Для каждого, знающего действительное положение вещей в Германии, ясно, что религиозный социализм сильно сгущает краски. О полной необеспеченности пролетарского бытия, в наше время обязательной помощи безработным, рабочего законодательства, страхования от безработицы и больничных касс, говорить не приходится. Исторгнутость из общества тоже все больше и больше отходит в прошлое. В школе, в университете, на спортивной площадке ее уже нет. Да и как ей держаться, когда пролетарии занимают высшие посты в государстве. О «безнадежности» говорить совсем уже не приходится: социальное положение пролетариата улучшается и будет с каждым годом улучшаться все больше и больше. Картина пролетарского бытия пишется религиозными социалистами не с натуры, а с Марксова изображения этого бытия, в котором теория прогрессивного обнищания пролетариата (Verelendungstheorie) играла, как известно, большую роль. Эта невозможность отречения от марксистского мифа о пролетариате крайне характерна для религиозных социалистов. Она отчетливо отделяет их от такого теоретика, как де Манн *), с которым они во многом перекликаются, который иногда печатается в их органах,
_________________
*) Ср. Hendrik de Mann.
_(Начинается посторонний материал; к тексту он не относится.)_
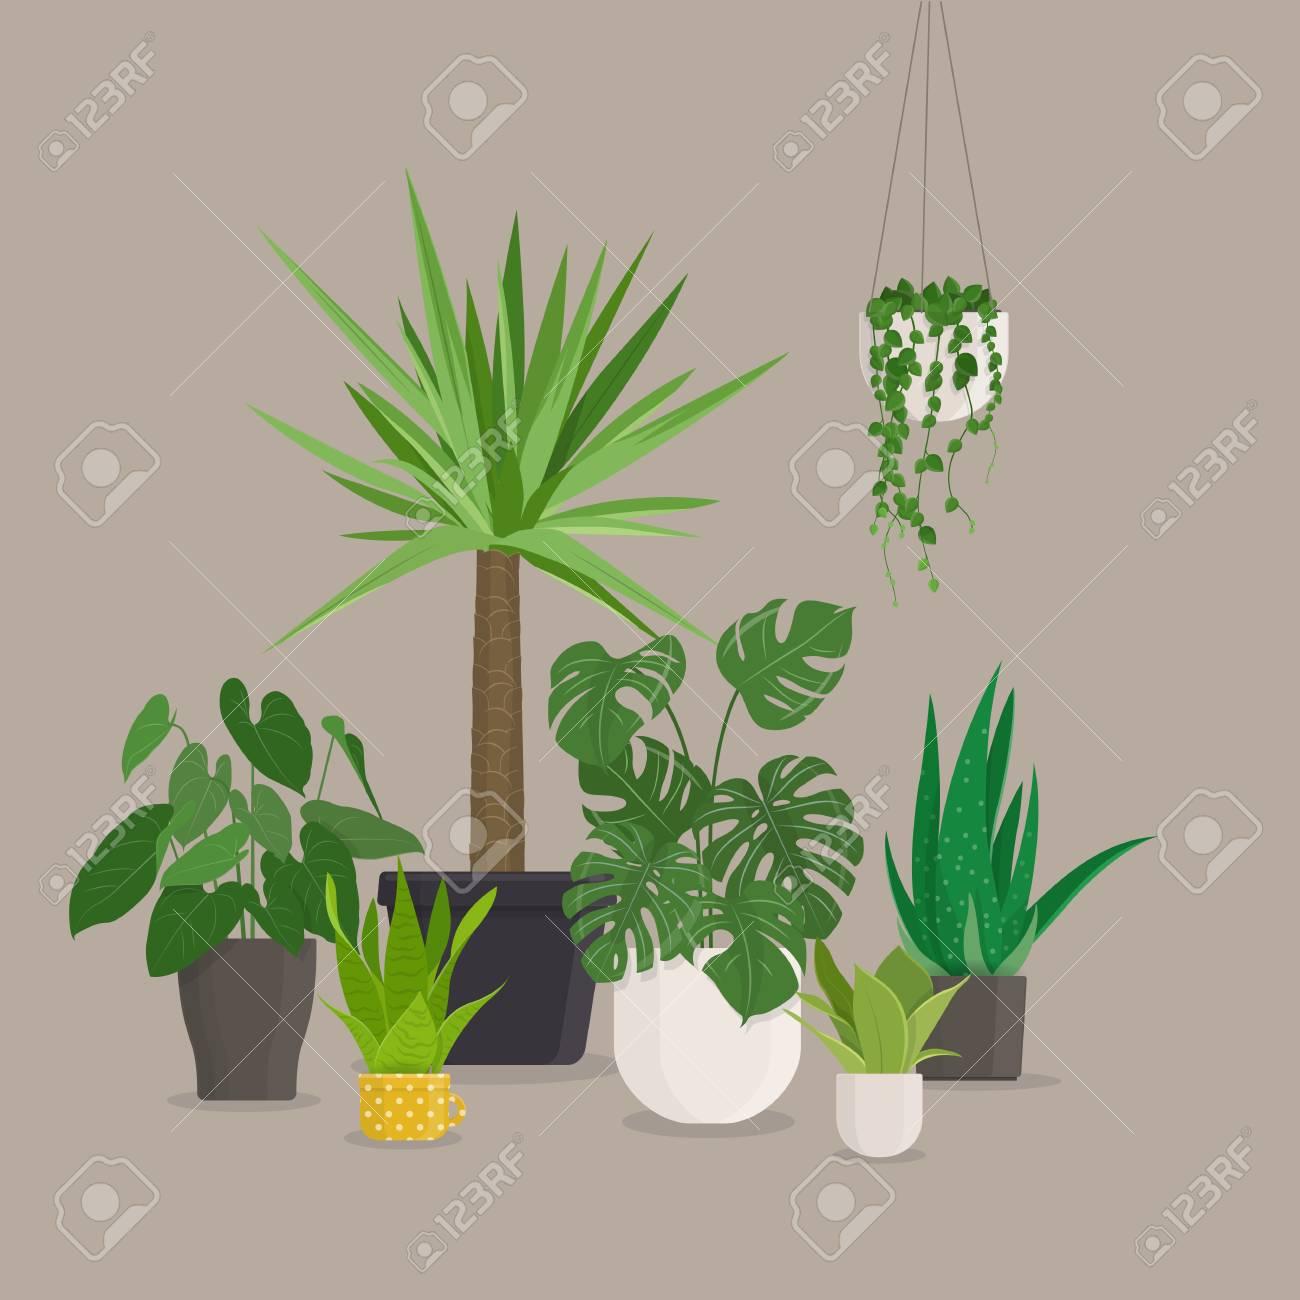 Set Of Green Indoor House Plants In Pots. Vector Illustration Stock Vector    94688624

Zur Psychologie des Sozialismus Eugen Diederichs Jena. 37.
27
но от которого они одновременно постоянно и отмежевываются.
Учение о пролетариате, как о социально-психологической территории радикального разрешения жизненного смысла, необходимо для рел. социализма прежде всего для того, чтобы вскрыть религиозную природу социализма. Ибо только там, где над человечеством нависает угроза радикального обессмысливания жизни (radikale Bedrohtheit) возникает — по их мнению — и ощущение несомости (Getragenheit) жизни некою сверхбытийственною (Seins — jenseits) силою.
Итак, душа пролетариата представляется религиозному социализму местом наиболее вероятного перерождения окончательно обессмысленной жизни, в жизнь, обретающую высший смысл.
Таковы, близко соприкасающиеся с марксизмом, религиозно-антропологические (терминология Тиллиха) предпосылки религиозного социализма.
Еще ближе подходит религиозный социализм к марксизму в своих социологических построениях. Тут он, отчасти, быть может и по тактическим соображениям (рел. социалисты, насколько я знаю, года полтора тому назад, in corpore вступили в ряды с. д. партии) уже целиком принимает марксистский анализ капиталистического общества. Они признают, что структура современного общества всецело определяется капиталистическою формою хозяйствования, что рынок является «структурным центром» этой формы, что все остальные сферы жизни не играют не только решающей, но даже и заметной роли. Также безоговорочно разделяют они и учение Маркса о непримиримости интересов тех, кто владеет средствами производства с интересами тех, кто продают свой производственный труд. Они патетически и безскорбно утверждают клас-
28
совую борьбу и безоговорочно становятся на сторону пролетариата. Они идут еще дальше: они утверждают полную независимость классовой борьбы от воли отдельных людей, и потому считают всякое нравственное осуждение людей, стоящих в классовой борьбе, за безответственное и злостное привнесение в политику масштабов, имеющих смысл лишь в совершенно иных сферах». Это уже почти вплотную приближается к большевицкой точке зрения, по которой буржуи и без вины виноваты; пролетарии же и в преступлениях своих не только не вольны, но и невинны.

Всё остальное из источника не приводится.